Exatamente por causa das suspeitas citadas, está acontecendo uma derrocada na imagem de John McAfee — e também no valor de suas empresas. Ainda, o estigma de gênio louco parece estar se concretizando a cada novo capítulo da vida de McAfee.
O TecMundo iria conversar, cara a cara, com John. Ele estaria no Brasil hoje (21) e já havia reservado um tempo para o TecMundo após uma palestra no maior evento de Segurança da Informação e Ciber Segurança do Brasil, o Mind The Sec. Acontece que McAfee foi impedido de deixar os Estados Unidos e, de última hora, o tecMundo teve que mudar alguns planos. No final das contas, bateram um papo com McAfee via streaming de vídeo e pode-se notar um pouco o que se passa na cabeça desse homem.

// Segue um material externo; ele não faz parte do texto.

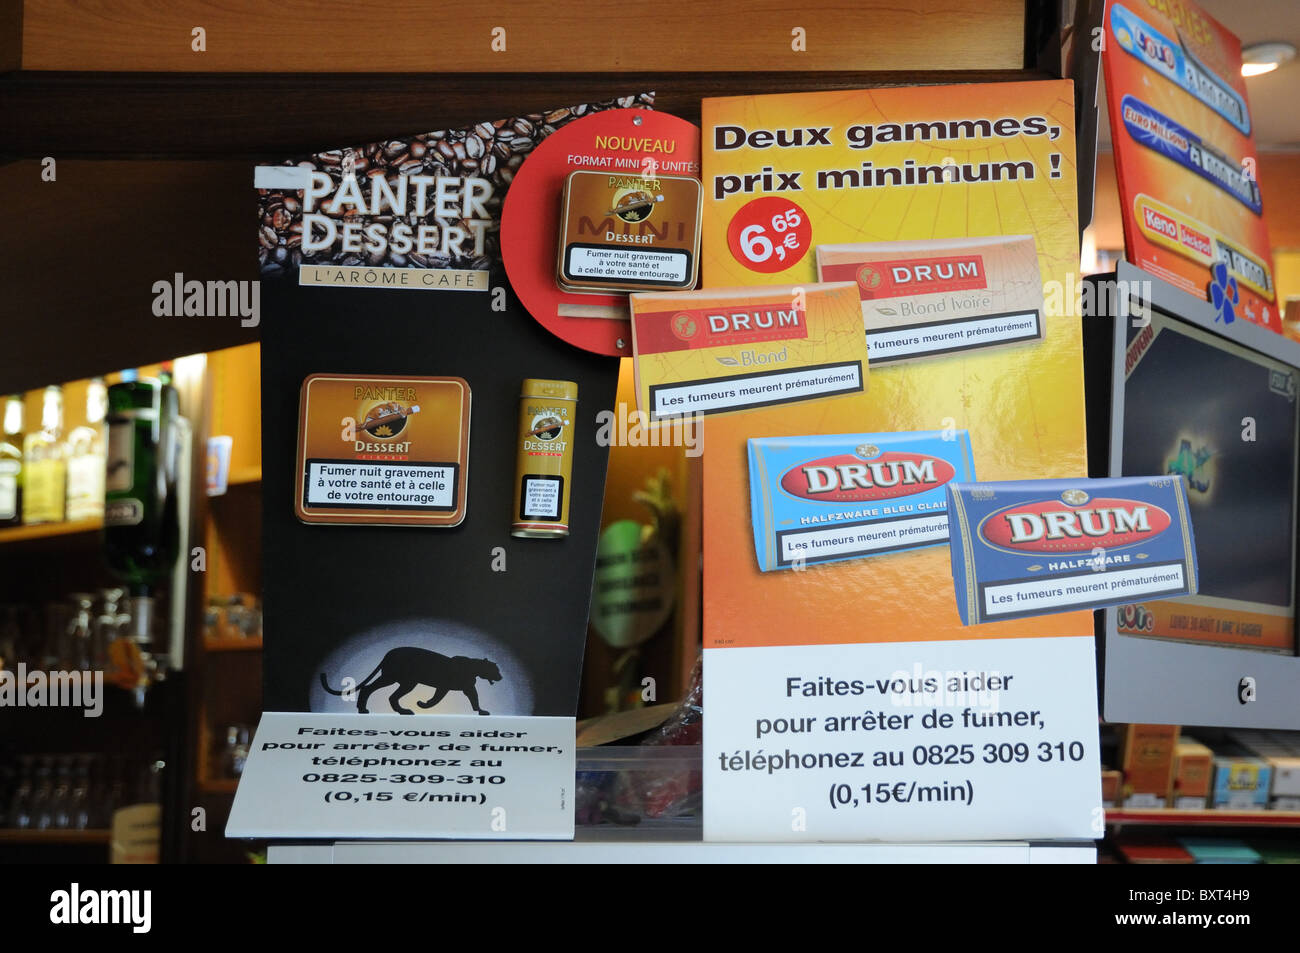 Afficher la fenêtre du tabac et des cigarettes avec des avertissements relatifs à la santé Crepy en Valois France Banque D'Images

Buscamos entender o que levou McAfee a se candidatar nos Estados Unidos e também saber o que ele pensa sobre a cibersegurança e o cibercrime no Brasil — e se o assunto crime virtual for de seu interesse, você também pode ler uma entrevista que fizemos com Misha Glenny, um jornalista britânico especializado no tema e nas ações que ocorrem em solo brasileiro.
McAfee para presidente?
“Algo precisa ser feito. Refletir sobre onde McAfee esteve é um excelente lembrete de que ele pode ser uma das únicas pessoas vivas que podem nos levar aonde precisamos ir como nação. Mais do que apenas um homem de negócios — mais do que apenas um homem inteligente —, McAfee é, na tradição do individualismo e da coragem humana que enche a história norte-americana, uma Força”.
O parágrafo acima foi retirado do site oficial da campanha de John McAfee. Como você pode ver, toda a lenda que foi construída sobre o homem é levemente pintada até pela própria equipe de marketing. McAfee não seria um humano comum, seria “uma Força”. Ele acredita nisso? Esse é o motivo? Precisávamos fazer a pergunta mais simples possível, para receber uma resposta tão simples quanto.
TecMundo: Por que concorrer à presidência?
McAfee: Porque eu precisava dizer algo ao povo norte-americano. Eu precisava falar sobre cibersegurança. E não há plataforma melhor para isso do que concorrer à presidência. Eu apareço na TV durante debates e foco nesse tema. Então, foi entregue uma oportunidade de aumentar a consciência sobre esse problema sério que enfrentamos.
Nota da redação: É certo dizer que, apesar de John estar na concorrência, ele provavelmente não vai levar o cargo de presidente dos EUA. Isso porque a disputa eleitoral é majoritariamente capitaneada por dois partidos: o Democrata, que apresenta Hillary Clinton, e o Republicano, que empurra Donald Trump. Outro ponto: McAfee estava concorrendo pelo Partido Libertário. O próprio partido, agora, está oferecendo o político Gary Johnson como candidato.
TecMundo: E o que você acha dos principais candidatos, Hillary e Trump?
McAfee: Bem, eu não os conheço. Eu nunca fui pescar com Trump e também nunca jantei com Hillary. O que eu sei é o que as notícias me dizem. Se as notícias no Brasil forem que nem as notícias nos EUA, elas são 95% fabricadas. Então, eu realmente não tenho uma opinião.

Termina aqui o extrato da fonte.